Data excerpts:
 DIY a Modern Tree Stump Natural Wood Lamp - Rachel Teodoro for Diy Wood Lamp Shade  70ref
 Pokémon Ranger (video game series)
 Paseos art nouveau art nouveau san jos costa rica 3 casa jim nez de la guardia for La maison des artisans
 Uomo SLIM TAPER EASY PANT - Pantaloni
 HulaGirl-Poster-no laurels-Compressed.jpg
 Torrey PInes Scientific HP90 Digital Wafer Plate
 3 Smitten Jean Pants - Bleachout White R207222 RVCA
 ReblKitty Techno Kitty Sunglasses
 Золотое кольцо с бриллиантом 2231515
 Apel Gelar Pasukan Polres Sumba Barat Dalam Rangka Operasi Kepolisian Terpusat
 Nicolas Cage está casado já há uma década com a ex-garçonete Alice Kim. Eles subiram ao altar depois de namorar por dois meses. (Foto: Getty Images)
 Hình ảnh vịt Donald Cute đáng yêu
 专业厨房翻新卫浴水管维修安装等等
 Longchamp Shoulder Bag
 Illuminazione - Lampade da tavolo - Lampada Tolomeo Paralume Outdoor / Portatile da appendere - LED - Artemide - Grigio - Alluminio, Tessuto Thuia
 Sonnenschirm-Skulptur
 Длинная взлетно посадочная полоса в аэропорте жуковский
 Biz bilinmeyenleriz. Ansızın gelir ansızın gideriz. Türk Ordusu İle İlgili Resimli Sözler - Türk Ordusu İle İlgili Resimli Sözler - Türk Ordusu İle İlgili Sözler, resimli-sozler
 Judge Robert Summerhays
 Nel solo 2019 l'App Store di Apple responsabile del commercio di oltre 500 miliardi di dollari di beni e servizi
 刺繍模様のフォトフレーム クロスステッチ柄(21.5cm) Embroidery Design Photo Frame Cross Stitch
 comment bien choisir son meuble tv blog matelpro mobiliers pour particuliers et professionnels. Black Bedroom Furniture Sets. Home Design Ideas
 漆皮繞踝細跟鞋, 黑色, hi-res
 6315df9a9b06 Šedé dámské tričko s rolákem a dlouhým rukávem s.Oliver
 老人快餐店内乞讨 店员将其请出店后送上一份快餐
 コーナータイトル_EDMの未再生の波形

> _What you will do_
Would you please return all lines of the data that include the word "Design"?

> _Result_
 刺繍模様のフォトフレーム クロスステッチ柄(21.5cm) Embroidery Design Photo Frame Cross Stitch
 comment bien choisir son meuble tv blog matelpro mobiliers pour particuliers et professionnels. Black Bedroom Furniture Sets. Home Design Ideas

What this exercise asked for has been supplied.